A showcase of three exhibitions that reflect the Shoalhaven environment and the Australian bush.

They say ‘be careful what you wish for’. This appeared to be true as the guardians of the Wodi Wodi and Yuin land, in concert with river and sky, seem to have taken the invitation of Parallel Landscapes literally, as the tight knit team at Bundanon launched their Season 2 program amid 2022’s third flood season for the Shoalhaven.

As the skies opened, all the environmentally aligned thought and design of the properties – the Bundanon Art Museum, specially crafted landscape design, and the awarding winning ‘The Bridge’ – were tested as they allowed the torrential waters from the surrounding hills to flow through the deep valley, whilst still accommodating the eager, gum booted throngs of art lovers who braved the roads and sheeting rain to inspect the new works.

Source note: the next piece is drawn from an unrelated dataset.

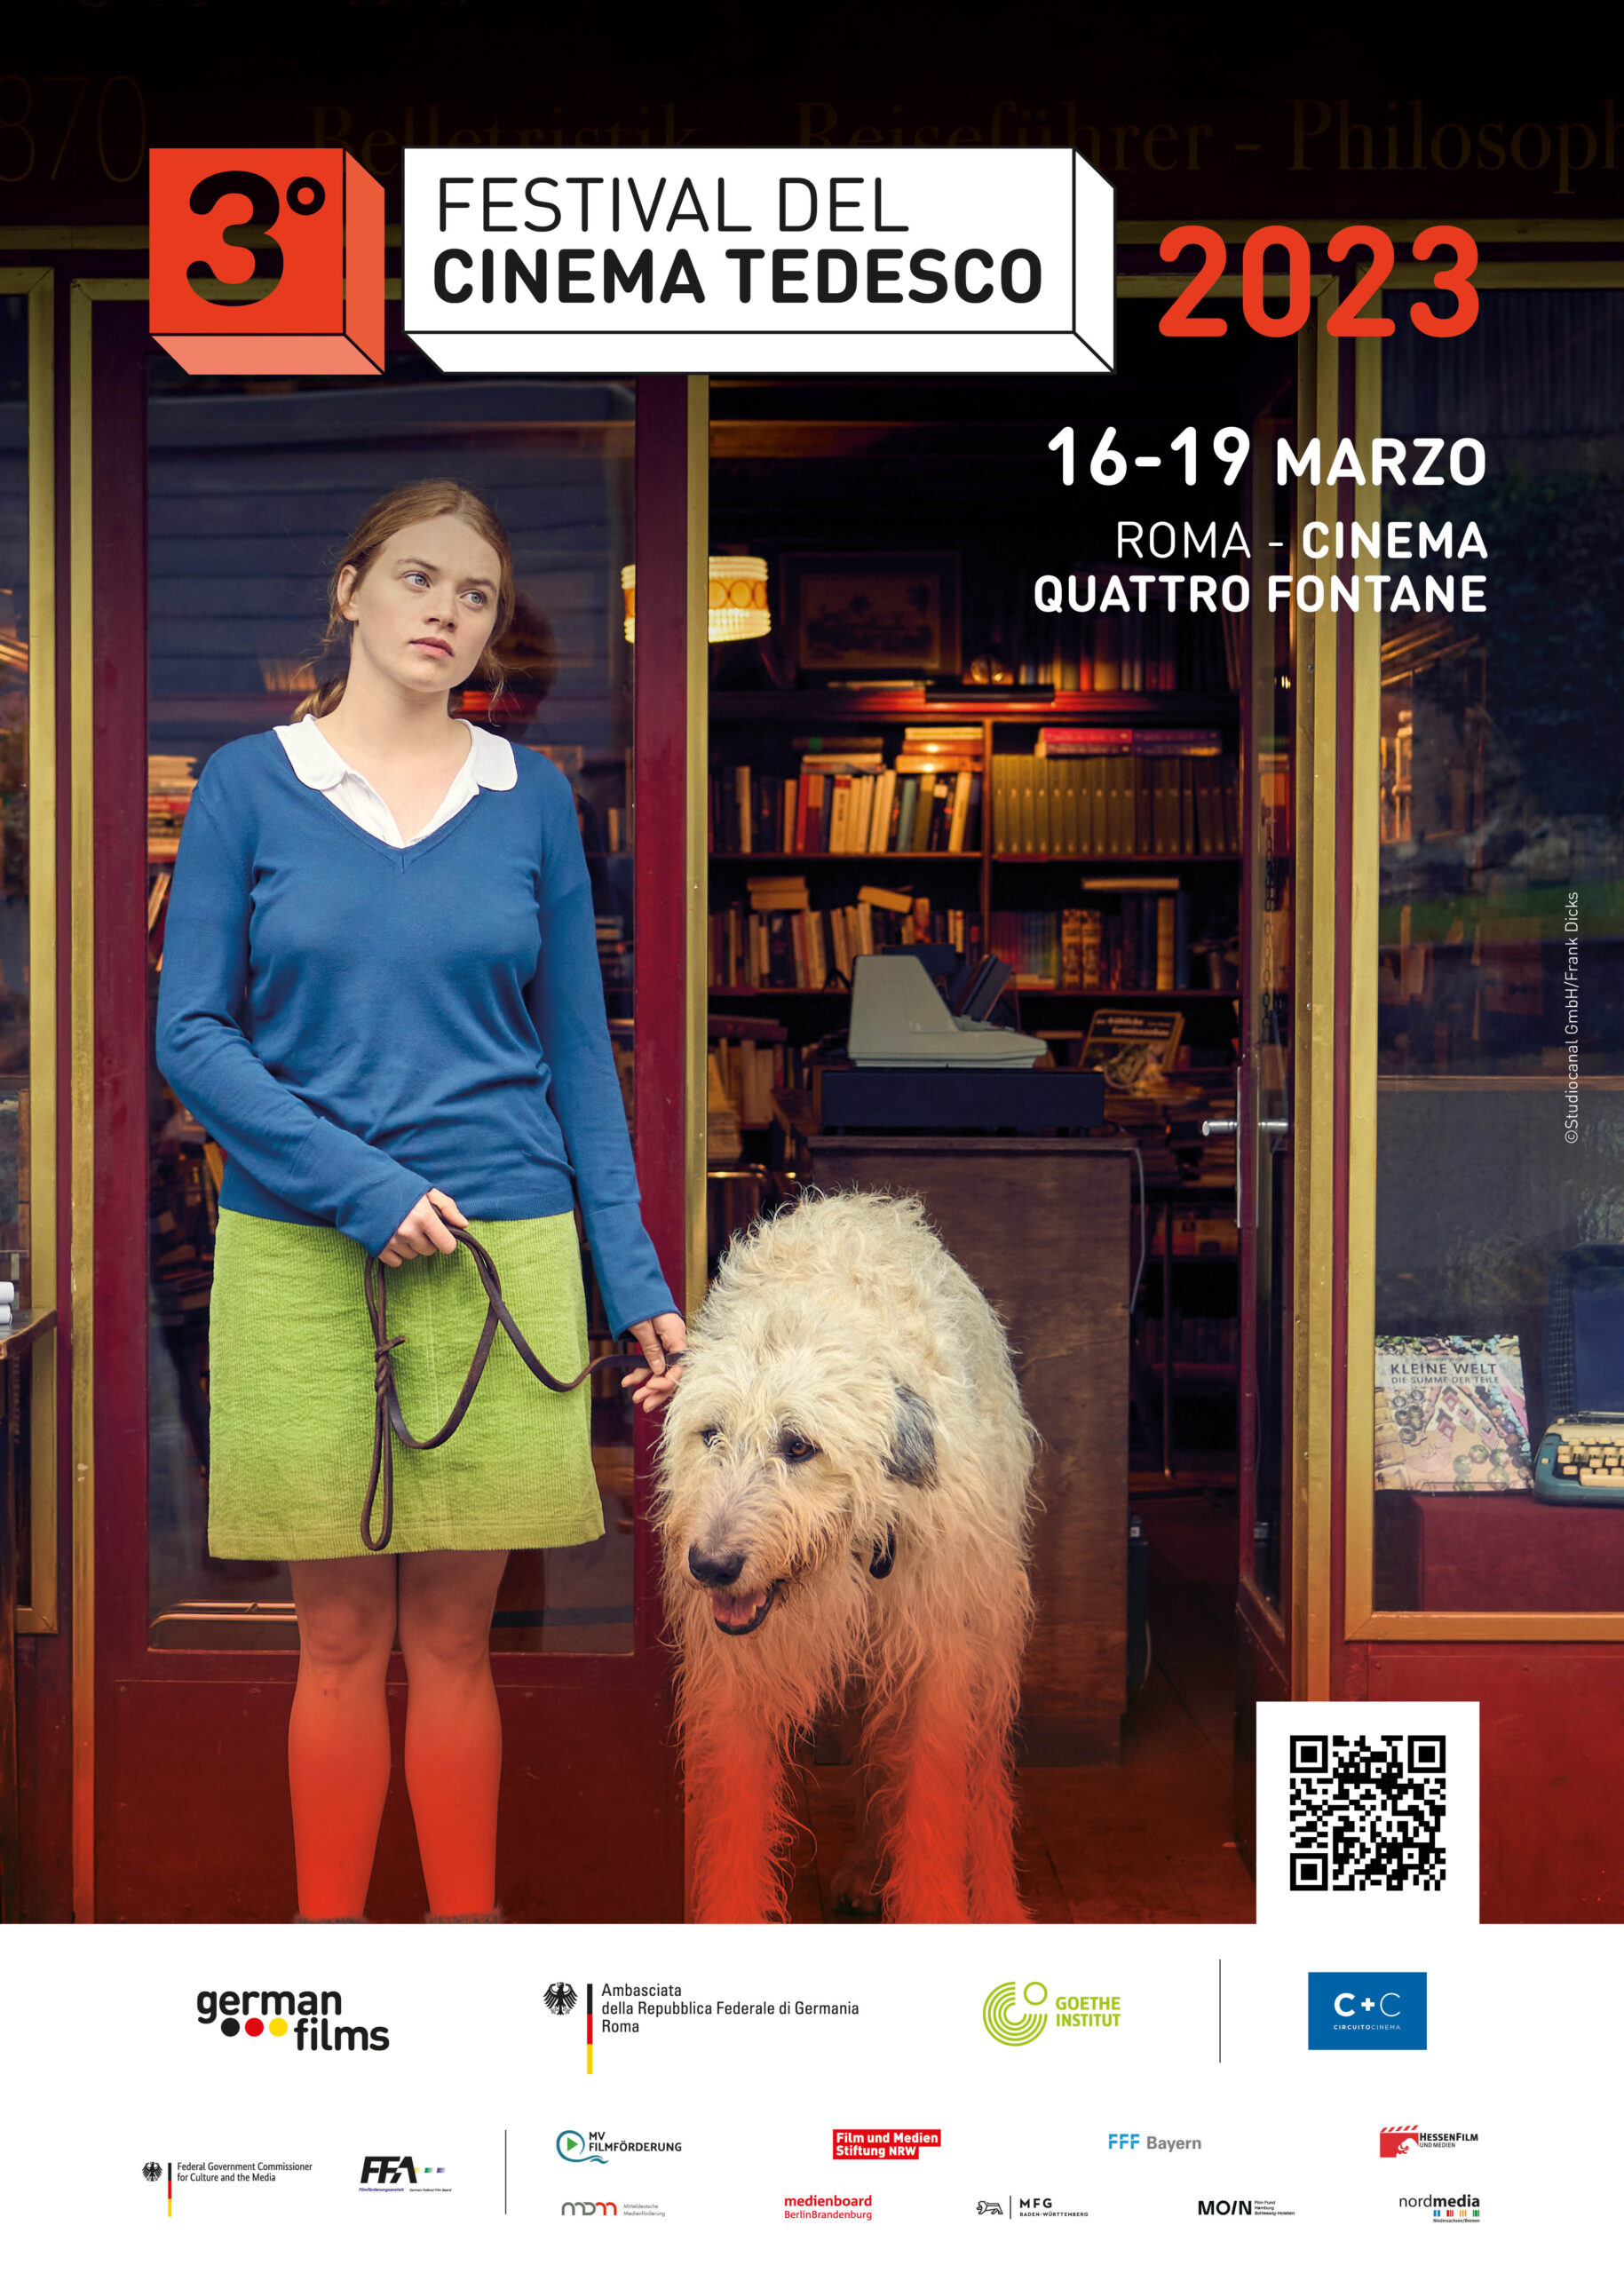 Festival del Cinema Tedesco: a Roma dal 16 al 19/03 la Terza Edizione

Parallel Landscapes is three exhibitions presented within the space of the Bundanon Art Museum. The exhibitions are: Arthur Boyd: Landscape of the Soul; The River and the Sea by Reuben Ernest Brown (Uncle Ben Brown); and The Hidden by Tim Georgeson and William Barton.

The intention that binds these three quite different exhibitions is their responses to landscape and their communion with the natural world. However, there were also some strong interactions between the exhibitions that were unavoidable due to real estate, proximity, and the flow and intimate connectedness of this museum space.

Arthur Boyd: Landscape of the Soul is curated by Barry Pearce. The exhibition takes up the main room of the museum and two of the smaller areas. It includes a selection of pieces chosen from different phases of Boyd’s life, and a film by Catherine Hunter that shows the curation of the show by Pearce.

Also included are letters between Boyd and his mother Doris and a selection of water colours, oil paintings and sketches by Boyd’s grandmother and grandfather. 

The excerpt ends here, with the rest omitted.